Source material
··········

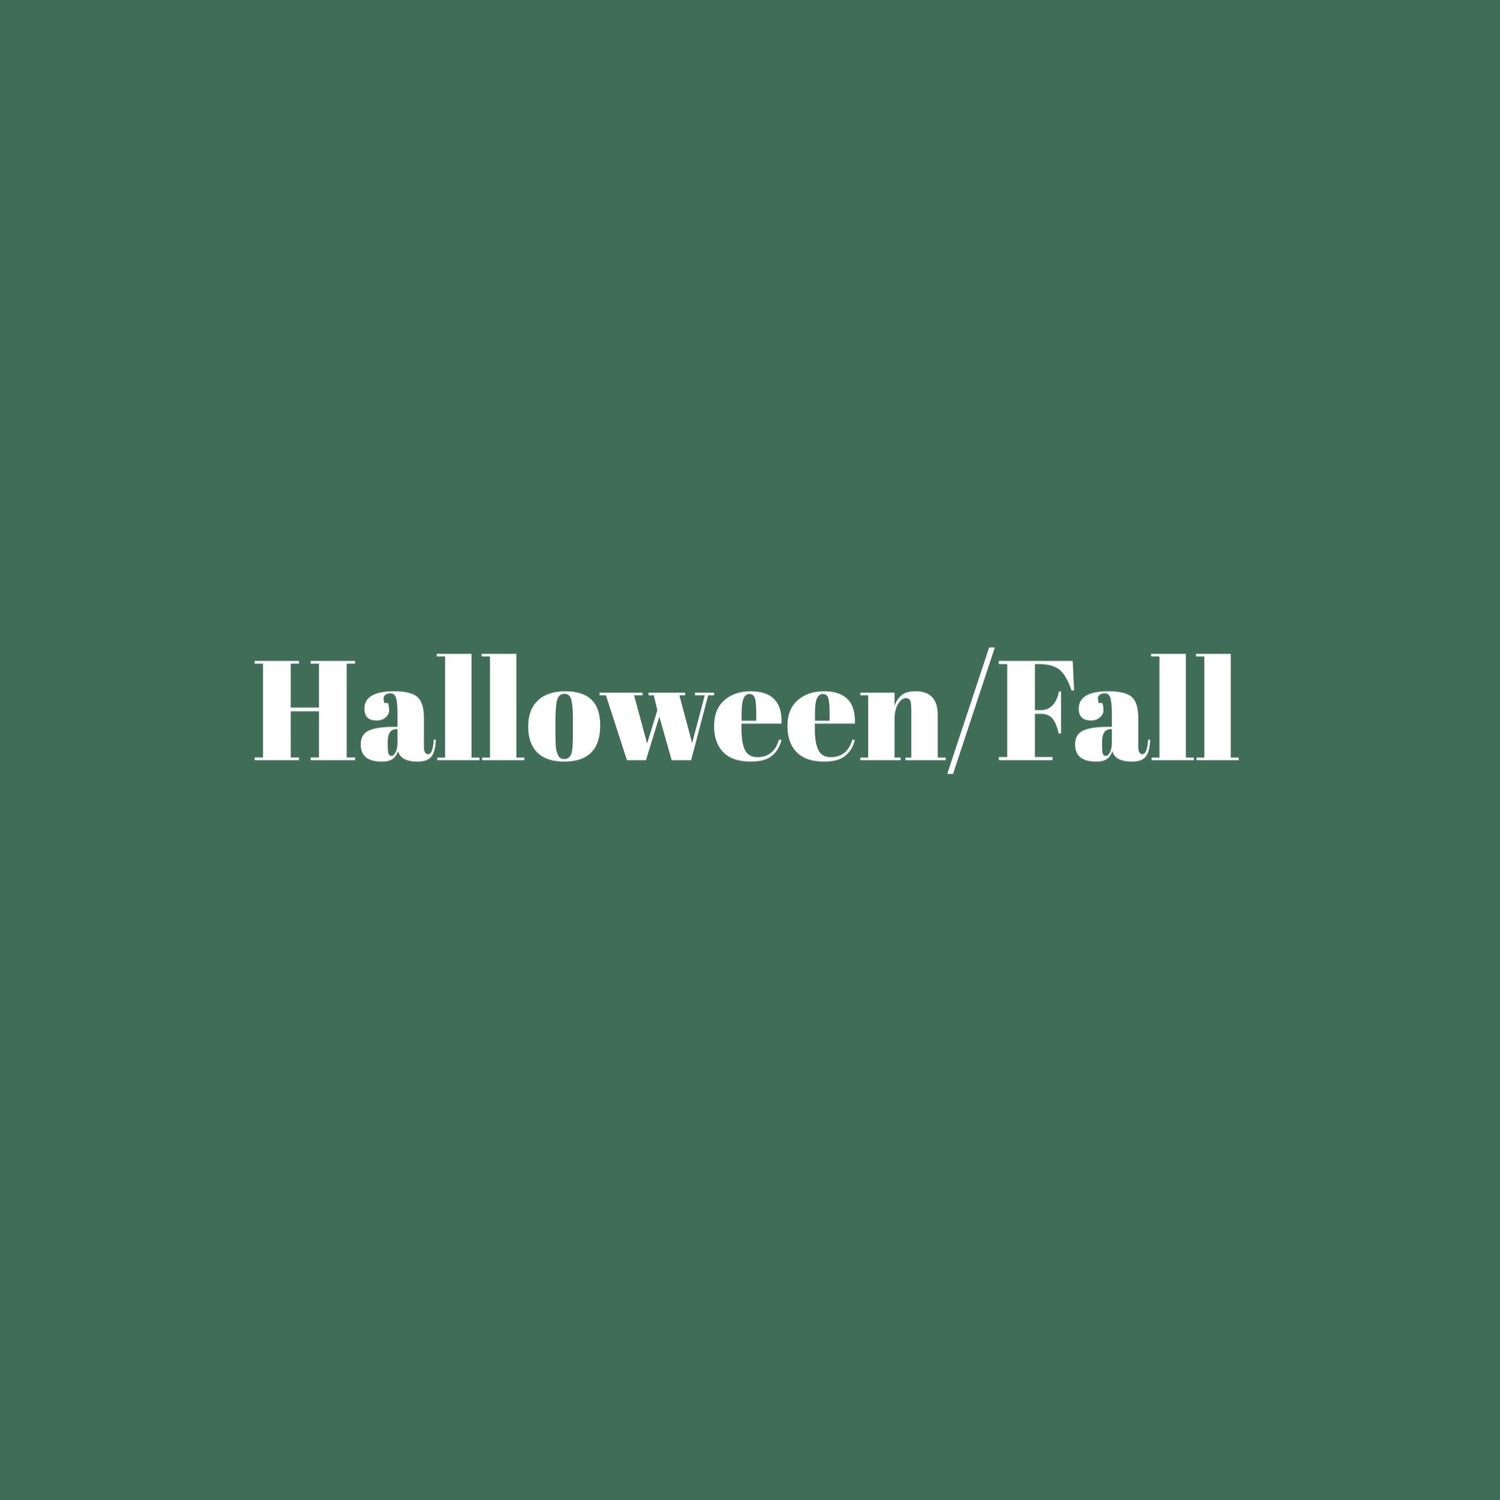 Halloween/Fall
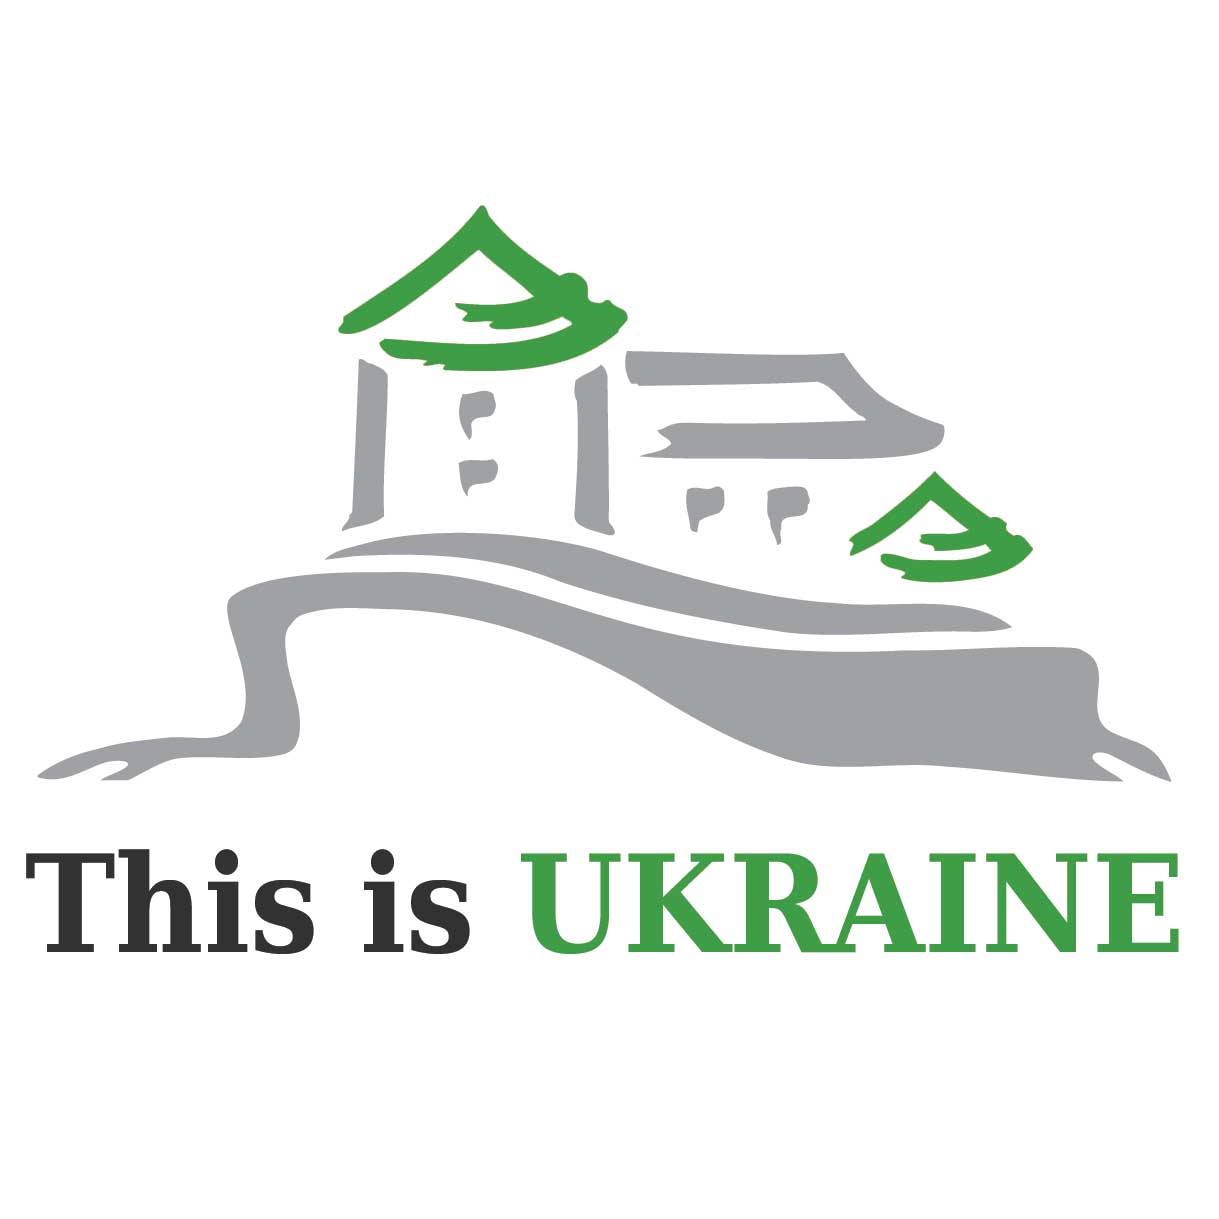 This is Ukraine
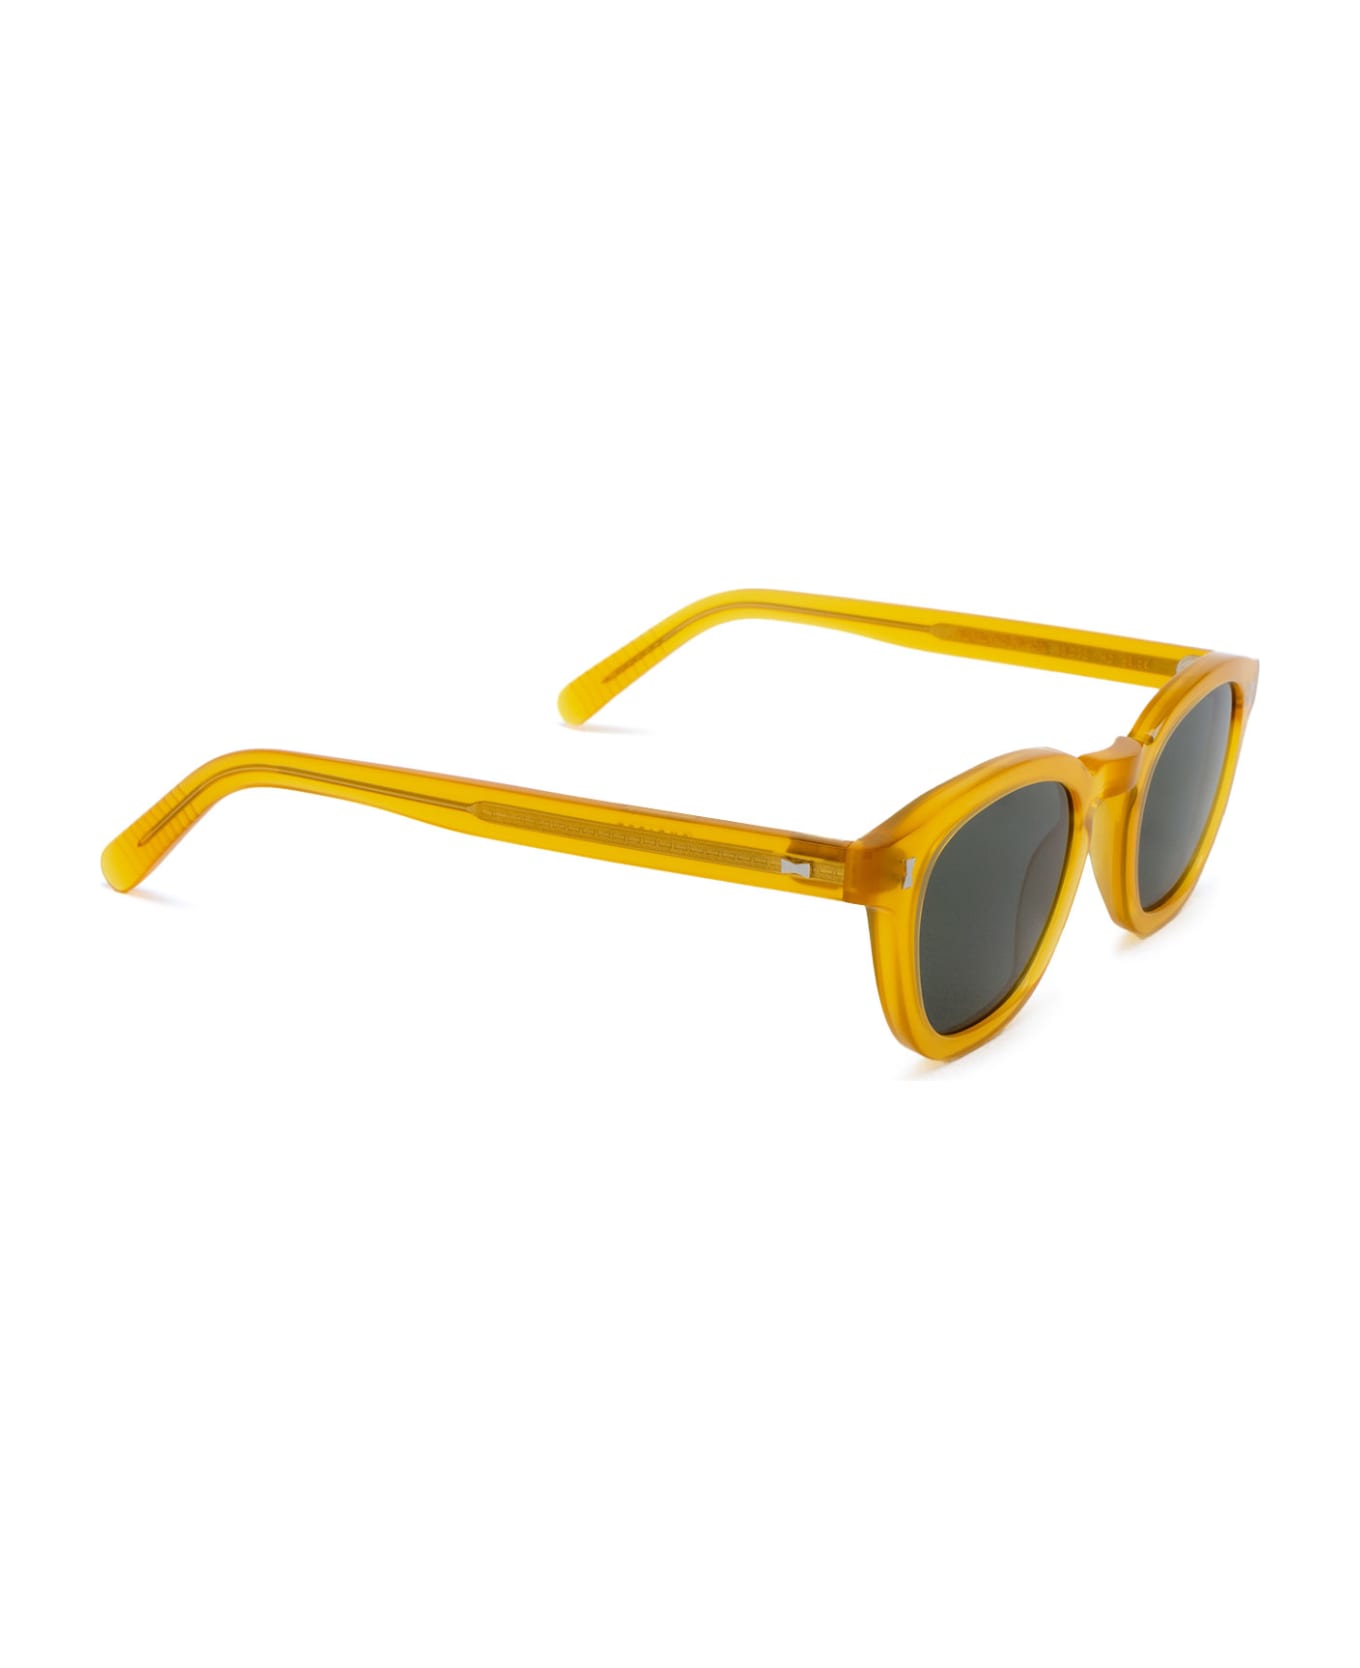 Cubitts Moreland Sun Honey Sunglasses - Honey
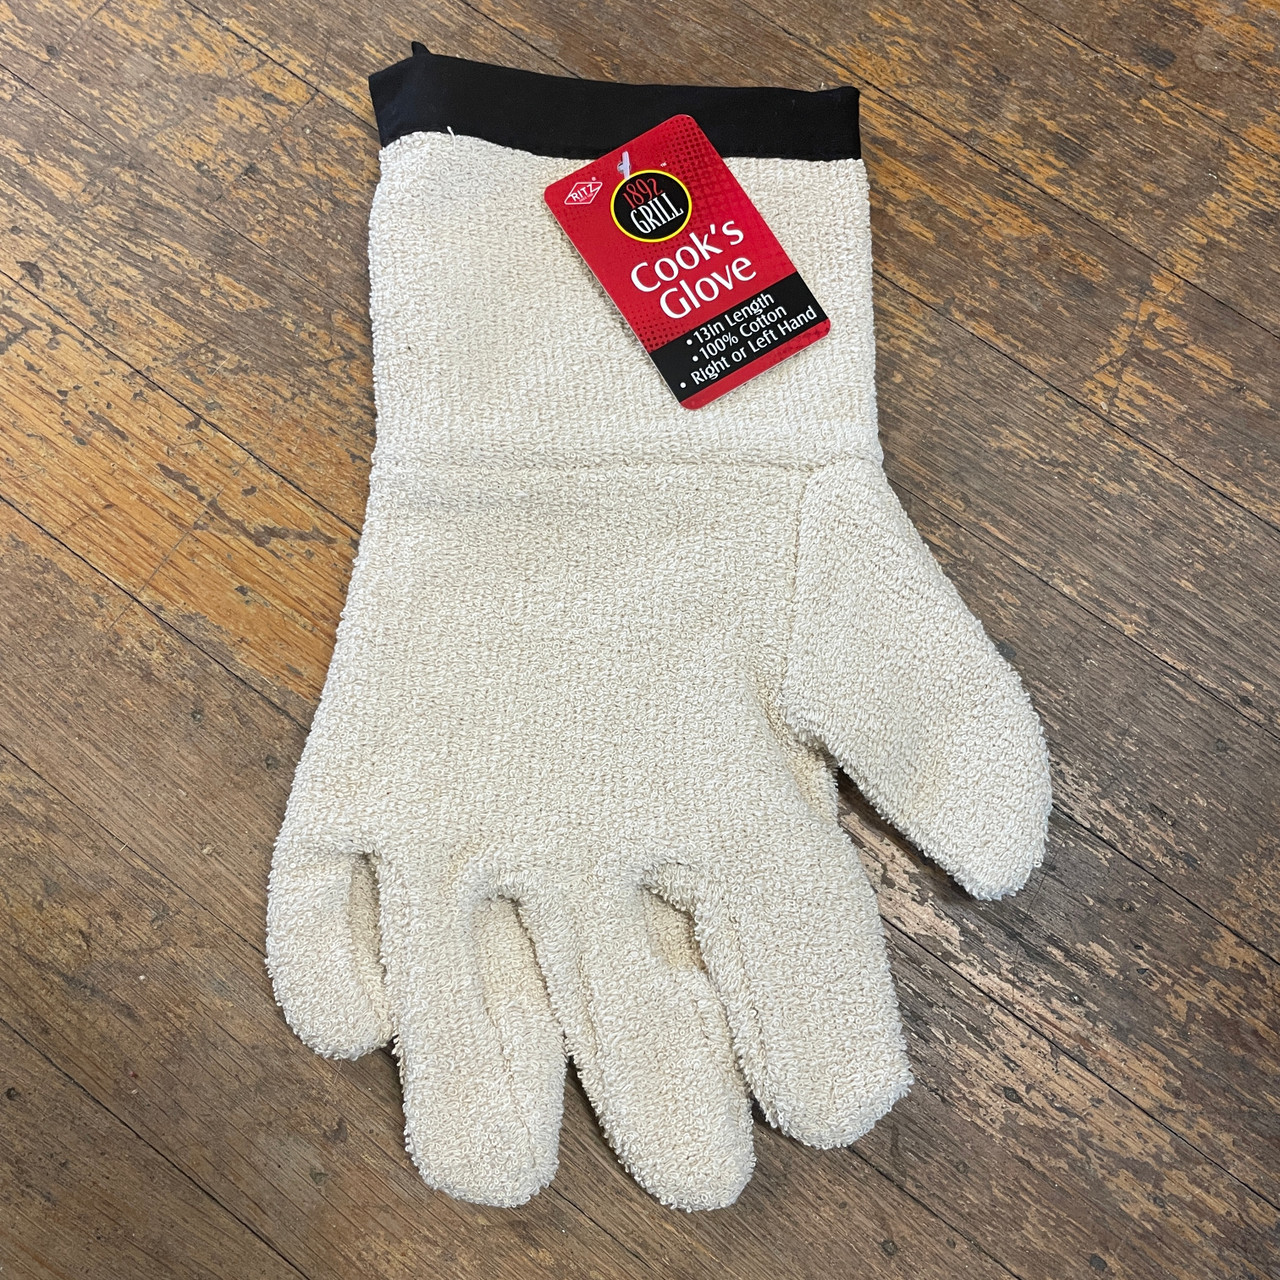 Ritz Pro Series Cook's Glove

··········

Exercise aim
With images left out, the data must be transcribed exactly.

Solution
 Halloween/Fall
 This is Ukraine
 Cubitts Moreland Sun Honey Sunglasses - Honey
 Ritz Pro Series Cook's Glove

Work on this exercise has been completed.